### WORK TO BE COMPLETED
From the line containing "Ukraine shows modest" through the last line of the material, copy every line exactly, both ends inclusive; do not copy pictures.

### DATA EXCERPT
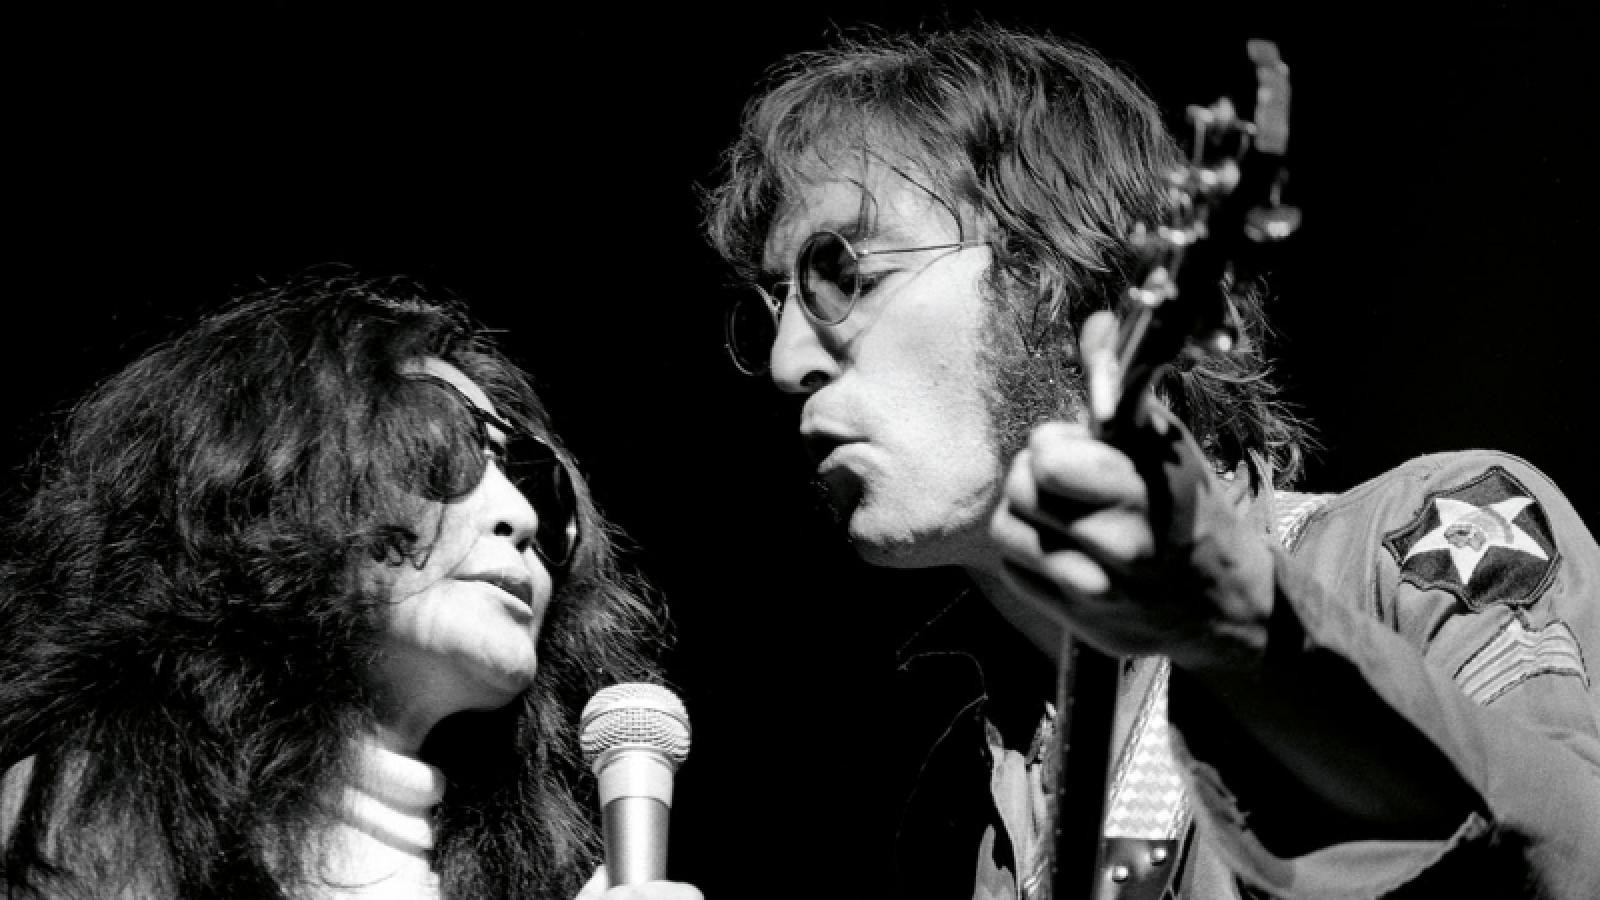 Hé lộ loạt ảnh chưa từng công bố của John Lennon và Yoko Ono ở New York
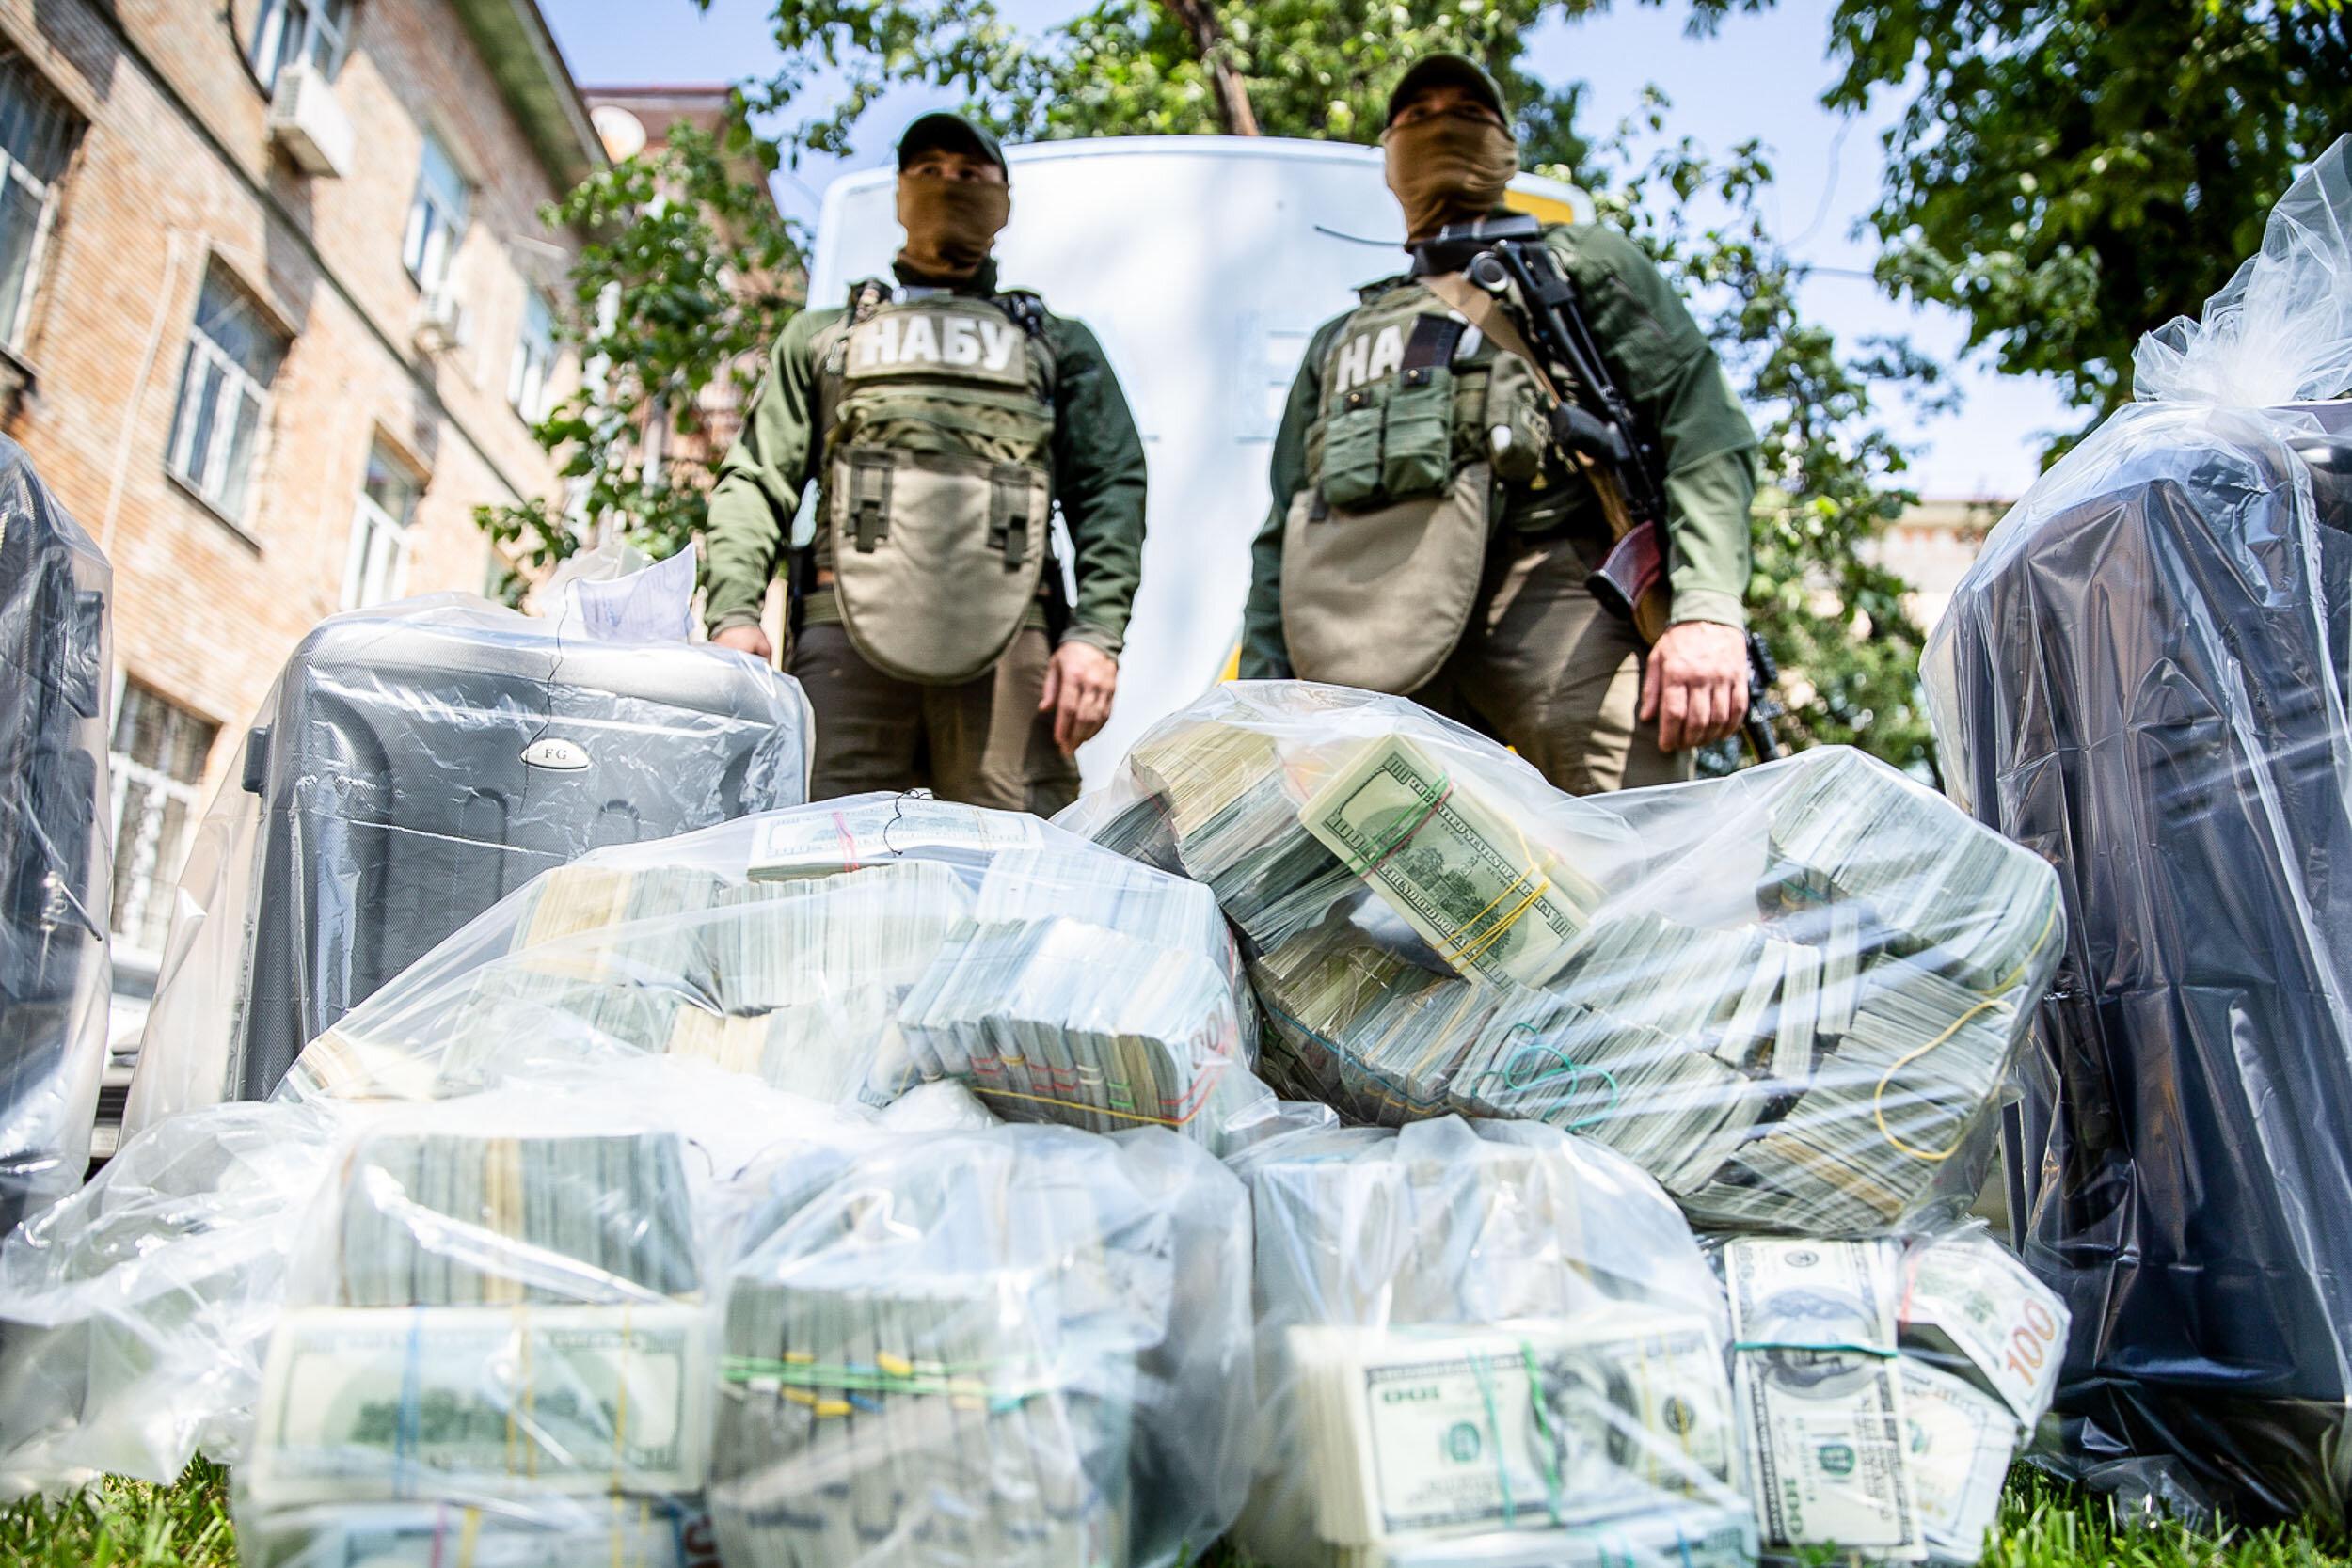 Ukraine shows modest progress in Corruption Perception Index ...
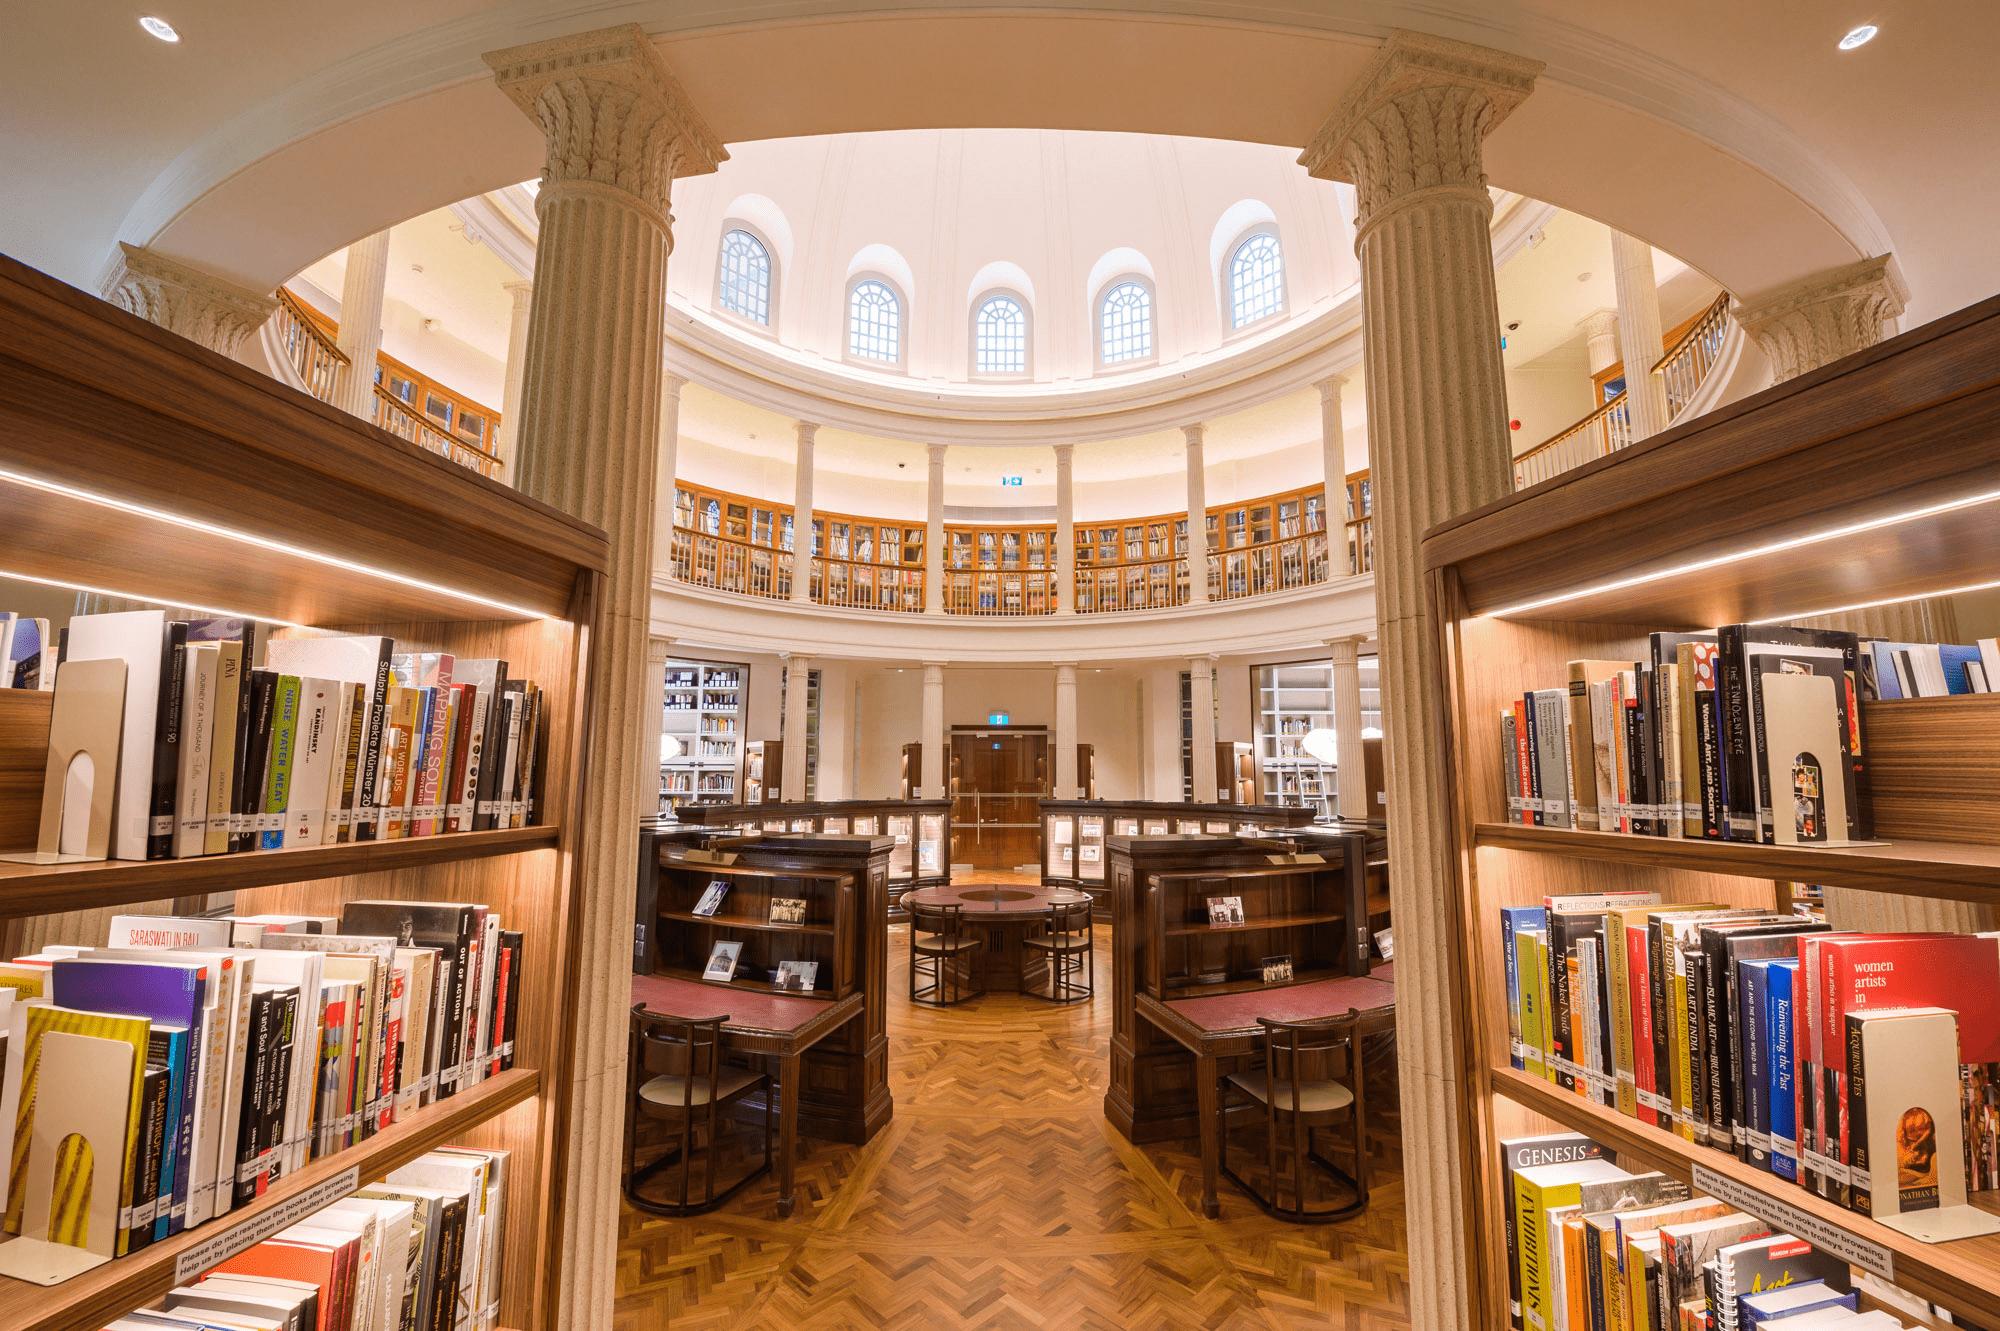 Rotunda Library & Archive

### RESPONSE
 Ukraine shows modest progress in Corruption Perception Index ...
 Rotunda Library & Archive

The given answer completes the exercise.